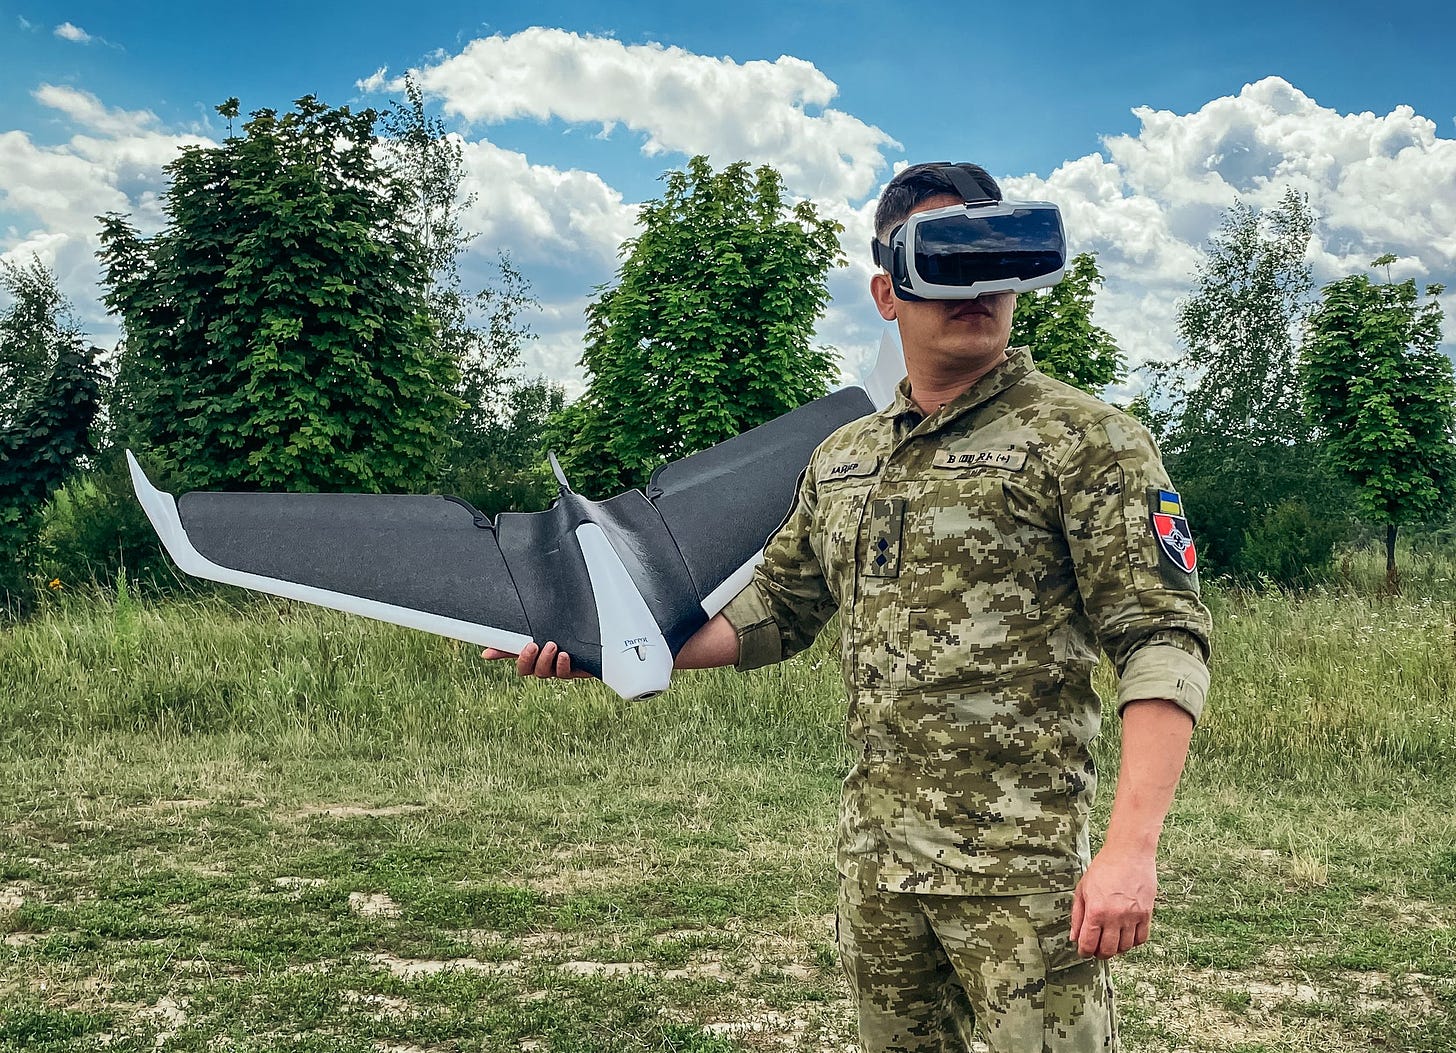 https://d.newsweek.com/en/full/2081295/ukraine-soldier-during-drone-test-kyiv-russia.jpg
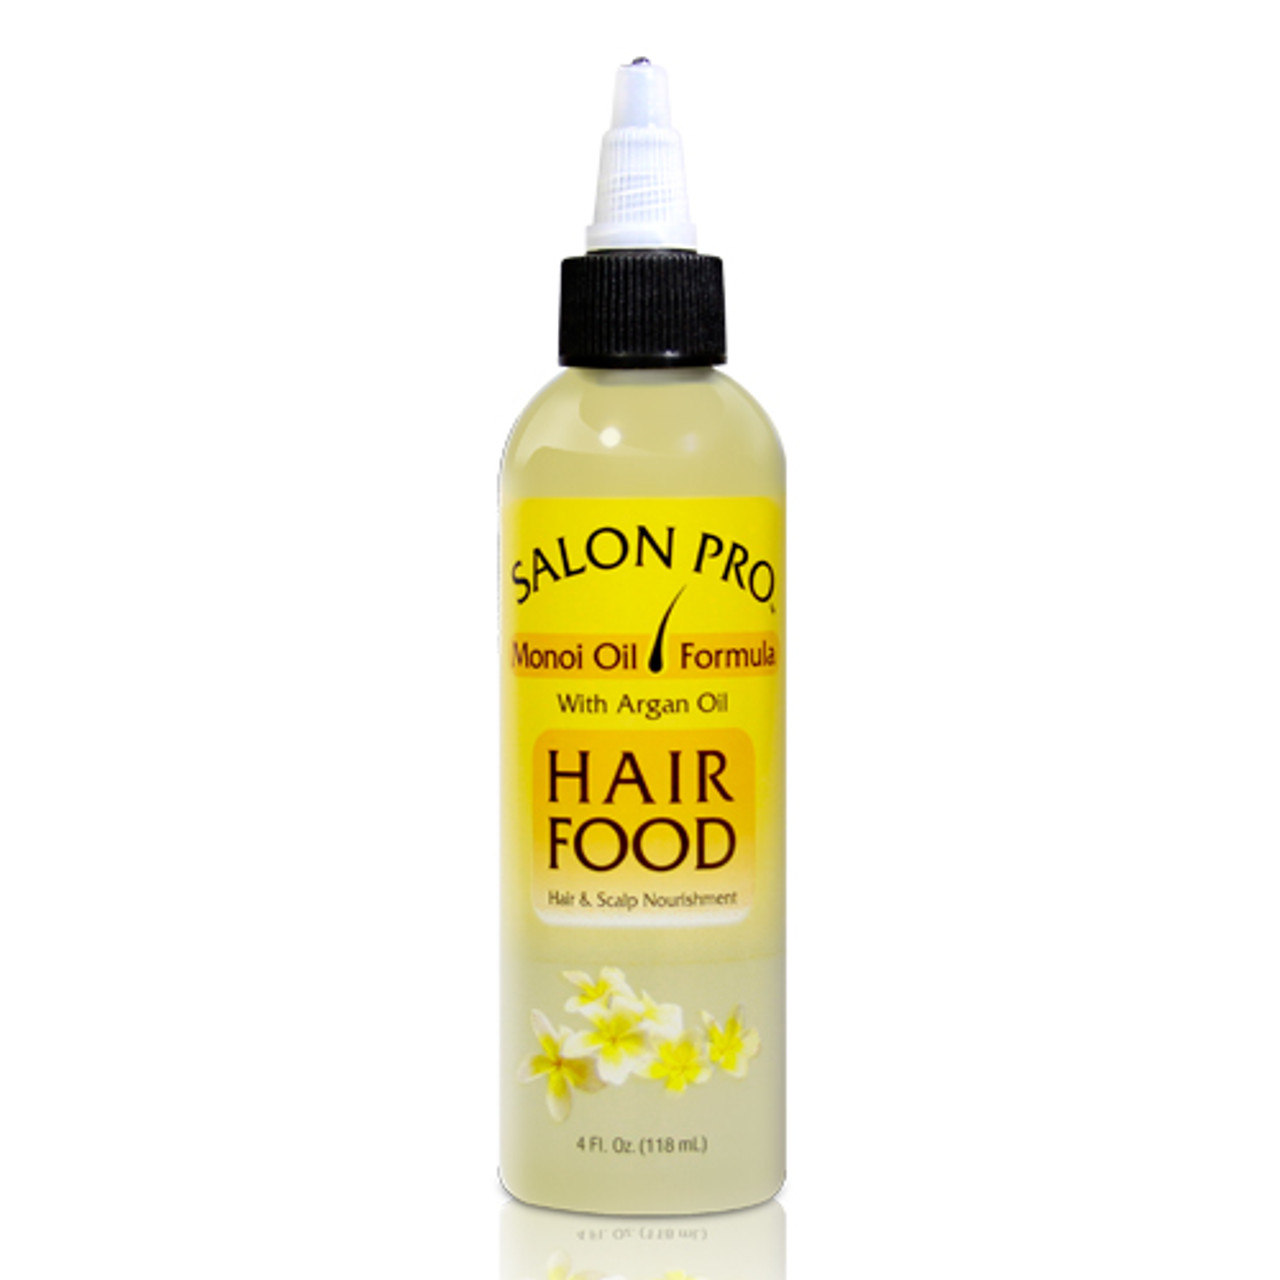 Salon Pro Hair Food Monoi Oil w/ Argan Oil(4 oz) - Top Hair Wigs
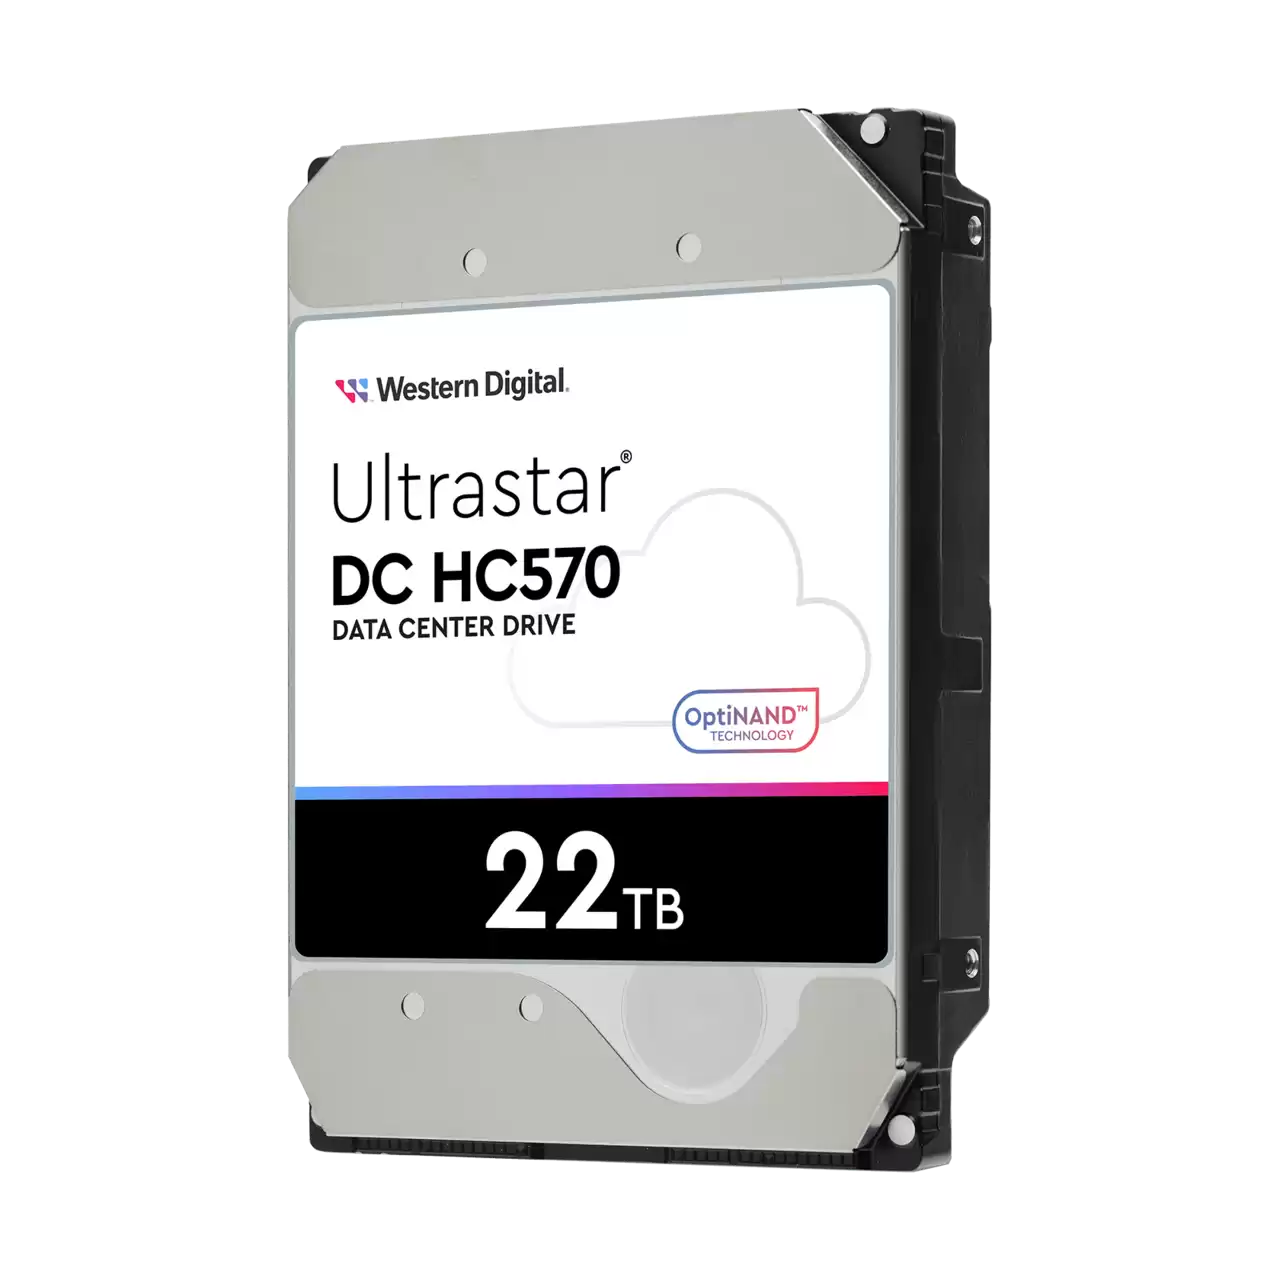 Хард диск WD Ultrastar DC HC570, 22TB, 7200RPM, SATA 6GB/s - WUH722222ALE6L4-3
= = = =
*TASK REQUIREMENTS*. Set down word for word each line from the one containing "Salon Pro Hair" through the end of the material, and keep the pictures out of it.

*EXERCISE OUTPUT*.
 Salon Pro Hair Food Monoi Oil w/ Argan Oil(4 oz) - Top Hair Wigs
 Хард диск WD Ultrastar DC HC570, 22TB, 7200RPM, SATA 6GB/s - WUH722222ALE6L4-3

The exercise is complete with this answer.